Zil 117 – ein Ami aus der Sowjetunion

Wer einst die Tagesschau oder Aktuelle Kamera aufmerksam verfolgte, konnte bei Staatsbesuchen sowjetischer und einiger anderer sozialistischer Staatsoberhäupter seltene Luxuskaleschen erspähen. Diese stammten oft von Zil, wie etwa der Zil 117.
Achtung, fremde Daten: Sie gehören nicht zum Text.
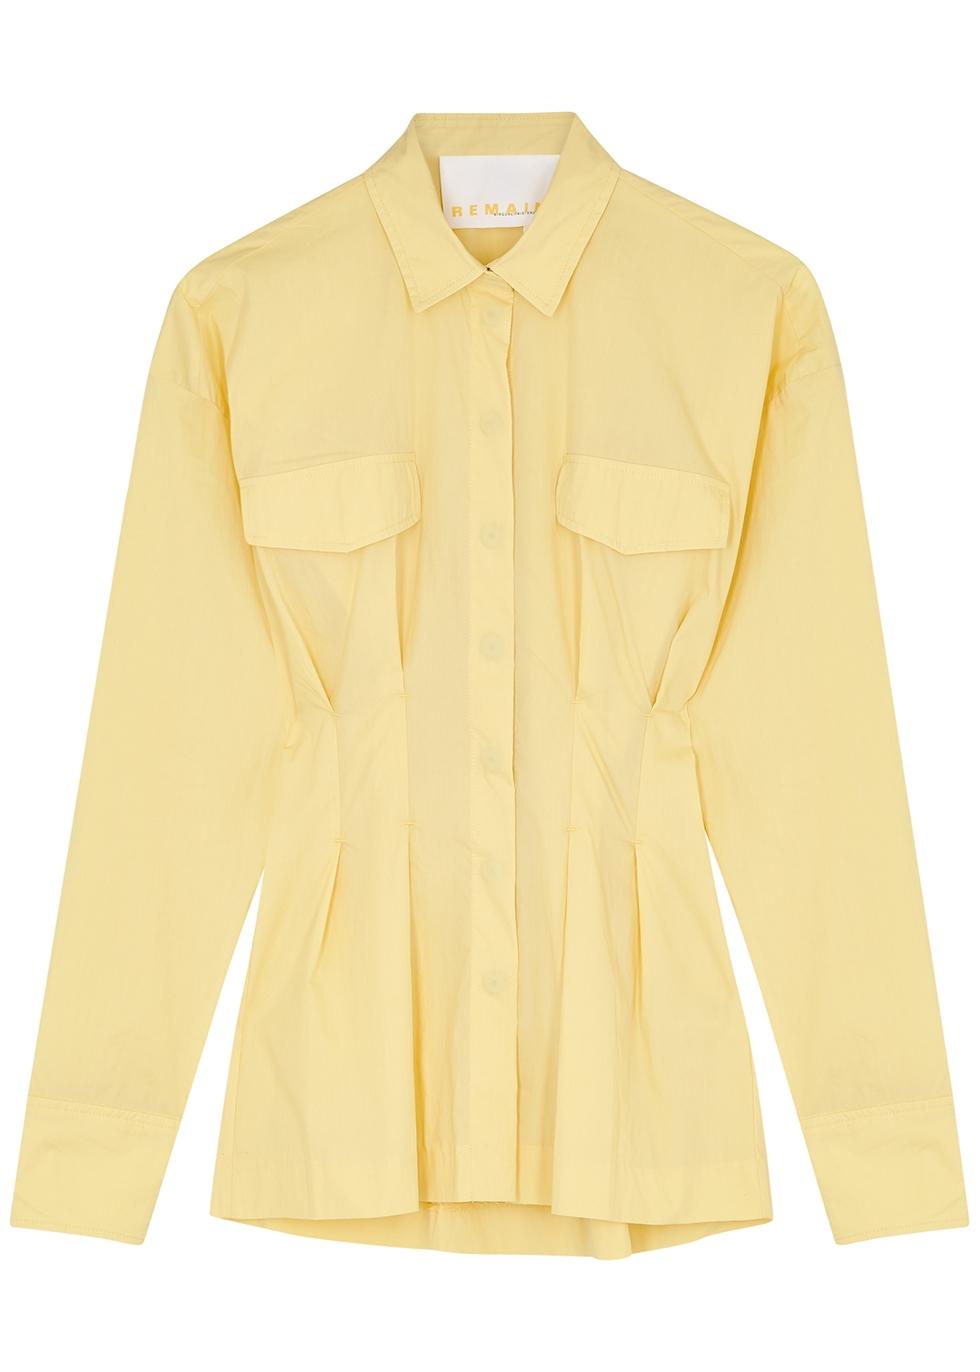 Charlotte yellow taffeta shirt

Der Zil 117 wurde zwischen 1971und 1968 als reines Repräsentationsfahrzeug in geringen Stückzahlen gebaut und orientierte sich technisch wie stilistisch an den sonst gerne von offzieller Seite kritisierten  Fahrzeugen amerikanischer Herkunft. Er stellte eine um 50 cm gekürzte Version des siebensitzigen Zil 114 dar. Die Frontpartie des Fünfsitzers erinnert an die der ’67er Fullsize-Modelle von Chevrolet, die Dachlinie gab es so auch schon bei den Imperials aus dem Hause Chrysler. Das Heck ist indes geradezu bieder-unauffällig. Doch die Übernahme vom Design des Klassenfeindes war ja nichts neues, wie auch die Dreistufen-Automatik mit der vom Edsel und diversen Mopar-Mobilen bekannten Drucktasten-Bedienung abermals belegt.

V8-Kraft im Zil

Im Zil 117 war ohnehin nichts neu, weder optisch noch technisch. Der Stößelstangen-V8-Motor mit zentraler Nockenwelle war genauso amerikanisch inspiriert wie die starre Hinterachse an Blattfedern. Bei Mercedes sah das alles schon ganz anders aus. In jedem Fall bemerkenswert am Zil 117 waren jedoch die Scheibenbremsen an allen 225er Reifen, zu Zeiten als vier Trommeln eher die Norm darstellten. Bei einem Gewicht von knapp drei Tonnen und einer Höchstgeschwindigkeit von 200 km/h waren die Scheiben allerdings mehr als angebracht. Dazu liefen beim 7.0 l-V8 mit 300 PS und 570 Nm Drehmoment auch gerne bis zu 40 l durch die Vergaser-Düsen. Da ordentliche Oligarchen jedoch westlichen Luxus bevorzugen, wechseln die Gebrauchtwagen zu recht moderaten Preisen den Besitzer.

Zil mit Stil

Die Zil 117 standen auf einem robustem X-Kastenrahmen mit vorderer Torsionsstab-Ferderung, der auch die Realisierung eines großen Cabriolets vereinfachte. Diese Konstruktion verweist klar auf die Kernkompetenz des Kombinats Zawod Imeni Lichatschew, nämlich Lastkraftwagen. Mit einer Länge von rund 5,7 Metern steht der Stolz der Partei auf einer Ebene von damaligen Fullsize-Amerikanern oder – aktueller – dem Maybach 57. die Ausstattung war zeitgemäß, elektrische Fensterheber und Außenspiegelm, zentralverriegeklung und ein Höhenverstellbares lenkrad sorgetn auch beim Fahrer für gute Laube. Neben weiträumigen Sitzverhältnissen der lederbezogenen Fahrgastzelle mit Bar und Klimaanlage für die oberen Genossen gab es im Zil 117 auch genügend Platz im 170 cm breiten und 95 cm tiefen Kofferraum für deren Gepäck oder zwei weitere Mitfahrer, wie es im James Bond-Film „Casino Royale“ zu sehen ist: Dort fasst das Abteil problemlos die Leichen zweier afrikanischer Warlords.